На самый первый премьерный спектакль все билеты были проданы. На второй и третий в кассе мне предложили только дальние и плохие места. Пришлось взять билет на четвёртый премьерный вечер. Место мне досталось боковое, но в шестом ряду партера. Я обрадовался. С этого места можно было лучше разглядеть зрительный зал.
В кассовом зале висели фотографии сцен из грядущей премьеры. На многих был муж папиной знакомой по работе. На фото он был с усами, с кудрявым чубом и в фуражке. В жизни же он усов не носил и был скорее лысоват. Так что я не сразу его узнал.
Над кассами, на всех афишах и на фасаде театра большими буквами значилось следующее: «Михаил Шолохов» и уже просто огромными буквами: «Тихий Дон». Что-то было написано ниже буквами поменьше. Но тогда театральные режиссёры и те, кто делает декорации, меня не интересовали.
Родители здорово удивились, когда узнали, что я собрался в театр по собственной инициативе и совершенно один. Удивились, но отнеслись вполне одобрительно. Всё же театр воспринимался в обществе как дело серьёзное, не вредное, а скорее наоборот. Беспокойство вызвало только то, что спектакль «Тихий Дон» обещал быть весьма продолжительным и мне придётся возвращаться поздно на окраину небезопасного города.
Помню, что волновался, собираясь на спектакль. Оделся нарядно и серьёзно. Сам погладил брюки.
«Тихий Дон» мне не понравился ни больше ни меньше, а точно так же, как «На дне». Бегали, кричали, размахивали руками, топали. Муж отцовской коллеги оказался громче остальных.
В зрительном зале царило то же благодушие и внимание, что и прежде. Мне скоро стало скучно, тоскливо и совсем уж одиноко. Некоторое время я пытался узнавать актёров, которые играли в «На дне». Это было непросто и азартно. У всех актёров в «Тихом Доне» были усы или усы и бороды, костюмы тоже сильно отличались от «На дне». Кота в сапогах в этом спектакле не оказалось. С актрисами было много проще. Особенно с народной артисткой. Однако я довольно быстро всех опознал, и делать мне больше было нечего.
Тогда я впал в какой-то мучительный анабиоз, из которого вышел из-за того, что из моей руки выскользнул гардеробный номерок, который я вертел в руках, а потом про него забыл. Номерок звонко упал на пол и ещё пару раз брякнул. Мне показалось, что все казаки на сцене и все зрители в зале услышали этот звук. Женщина, сидевшая впереди, оглянулась, посмотрела на меня и осуждающе цокнула языком. Кто-то скосился в мою сторону. В этих взглядах отчётливо читалось слово – «чужой». Я поразился тому, что люди моментально почувствовали и поняли, у кого именно упало что-то, кто нарушил священную тишину. Это было удивительно ещё и потому, что я же не шелохнулся, не полез за номерком. Я сидел смирно. Но они сразу определили мою вину. От этого стало жутковато. Я вспомнил какие-то романы и фильмы, в которых нормальный человек оказывался среди вполне нормальных с виду людей, но постепенно выяснялось, что все вокруг либо члены какой-то секты, либо заражены вирусом, либо инопланетяне.

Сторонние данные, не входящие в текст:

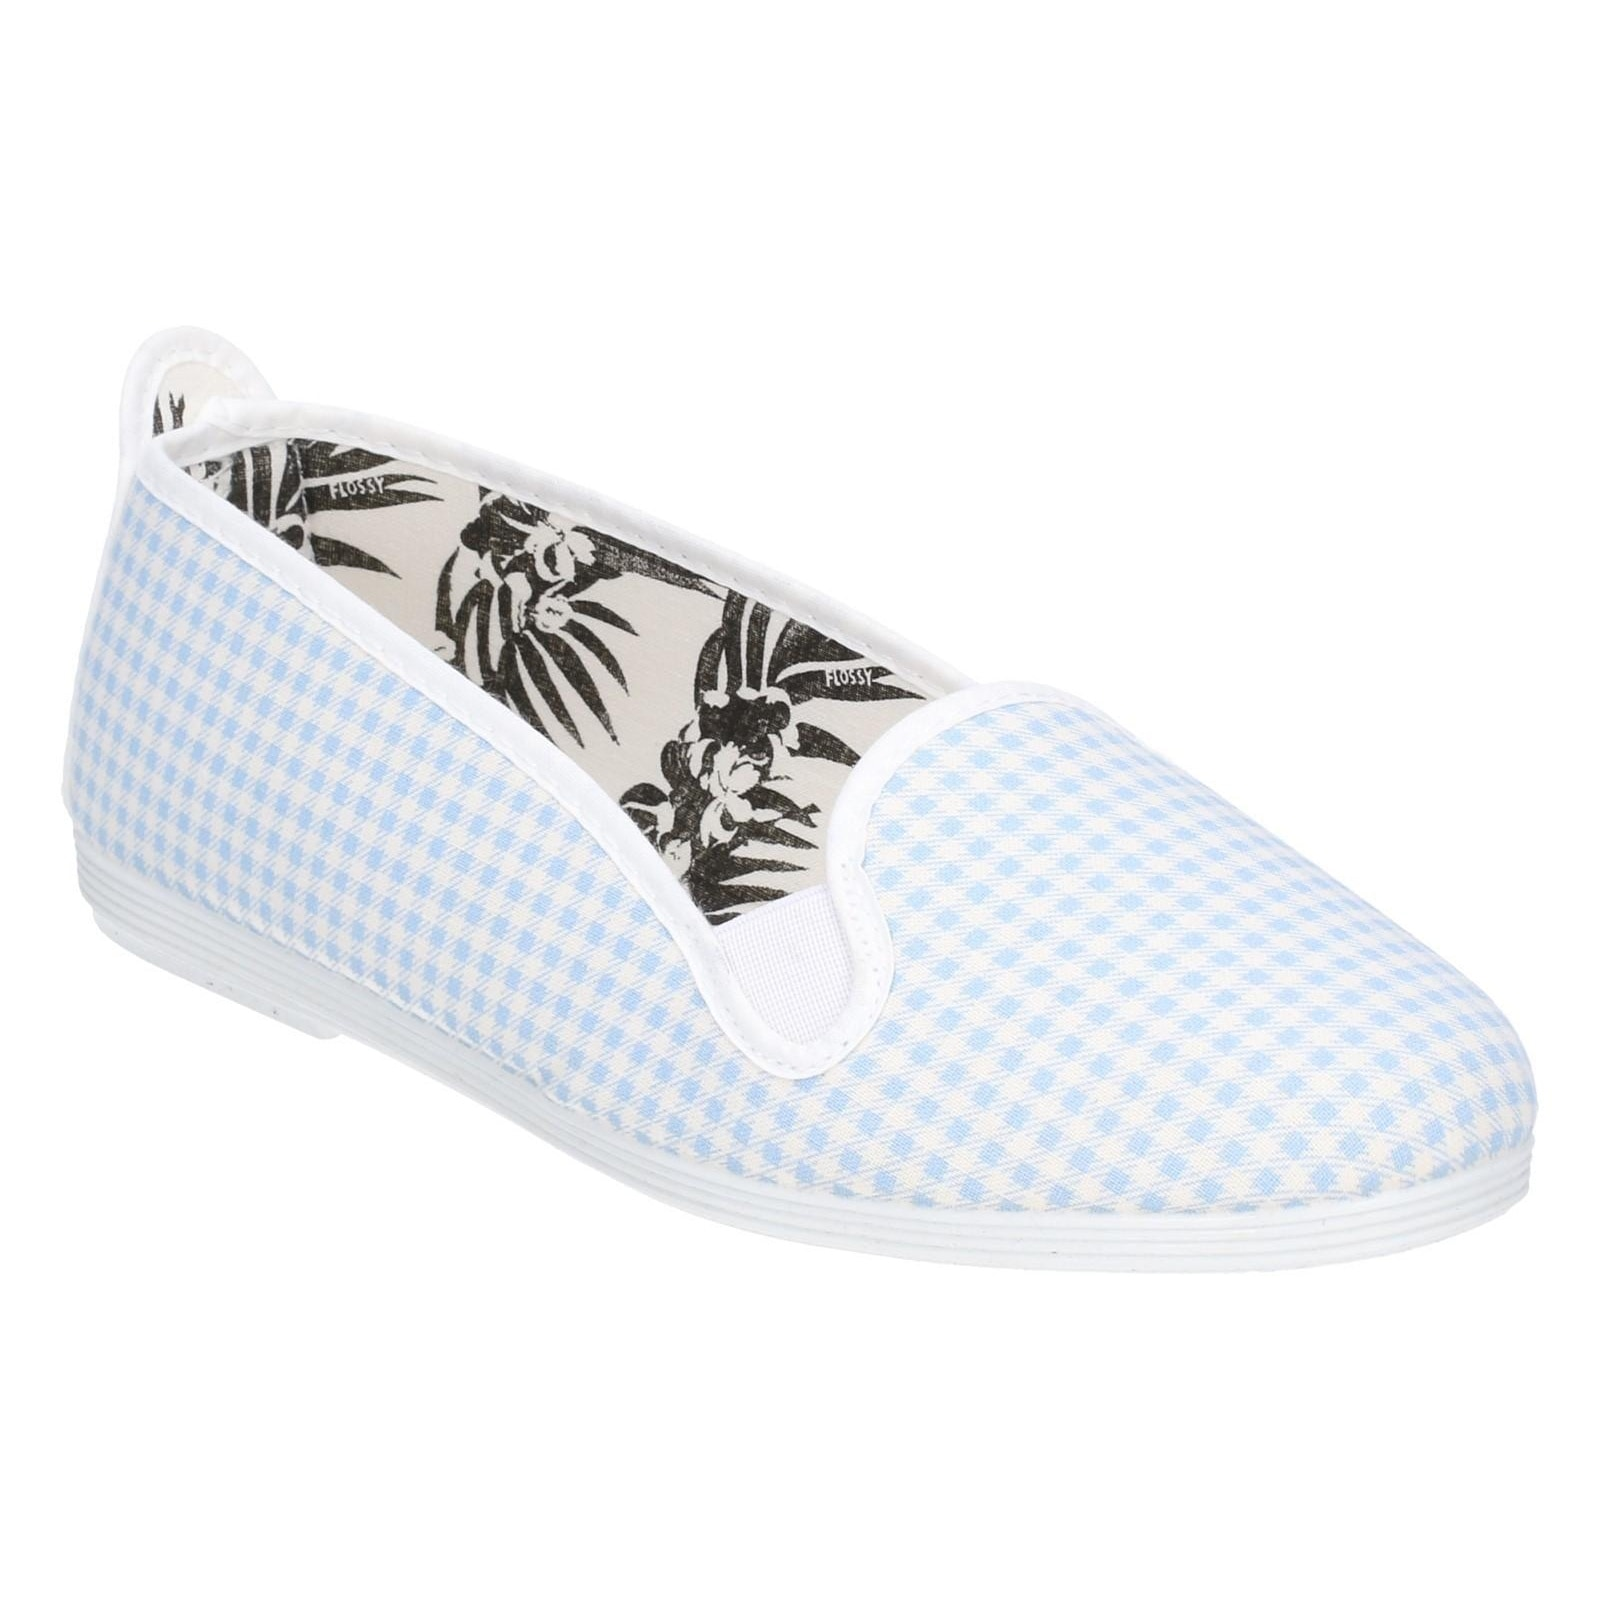 flossy -  Slipper Damen Comodon Slip On Schuh

Тогда я ещё внимательнее, чем прежде, стал вглядываться в лица людей, неотрывно смотрящих на сцену. Я прям-таки всверлился в них глазами и не сразу, но на многих лицах увидел ранее не замеченное. Я увидел терпение. Люди терпели происходящее. В основном терпели мужчины или те, кто был помоложе.
Те, на чьих лицах я прочёл терпение, терпели по-разному. Кто-то терпел, искренне стараясь вникнуть и полюбить то, что творилось на сцене, кто-то изображал интерес, чтобы не разочаровать спутницу или спутника, кто-то тихонечко, как и я, ползал глазами по зрительному залу, рассматривал балконы или световое оборудование над сценой. Были и те, чьи неподвижные и неживые глаза указывали на то, что люди ушли в анабиоз, подобный тому, в какой уходил я. Однако на всех лицах терпящих театр людей я не увидел сомнений, тревог, неверия или возмущения. Люди терпели безропотно и стойко.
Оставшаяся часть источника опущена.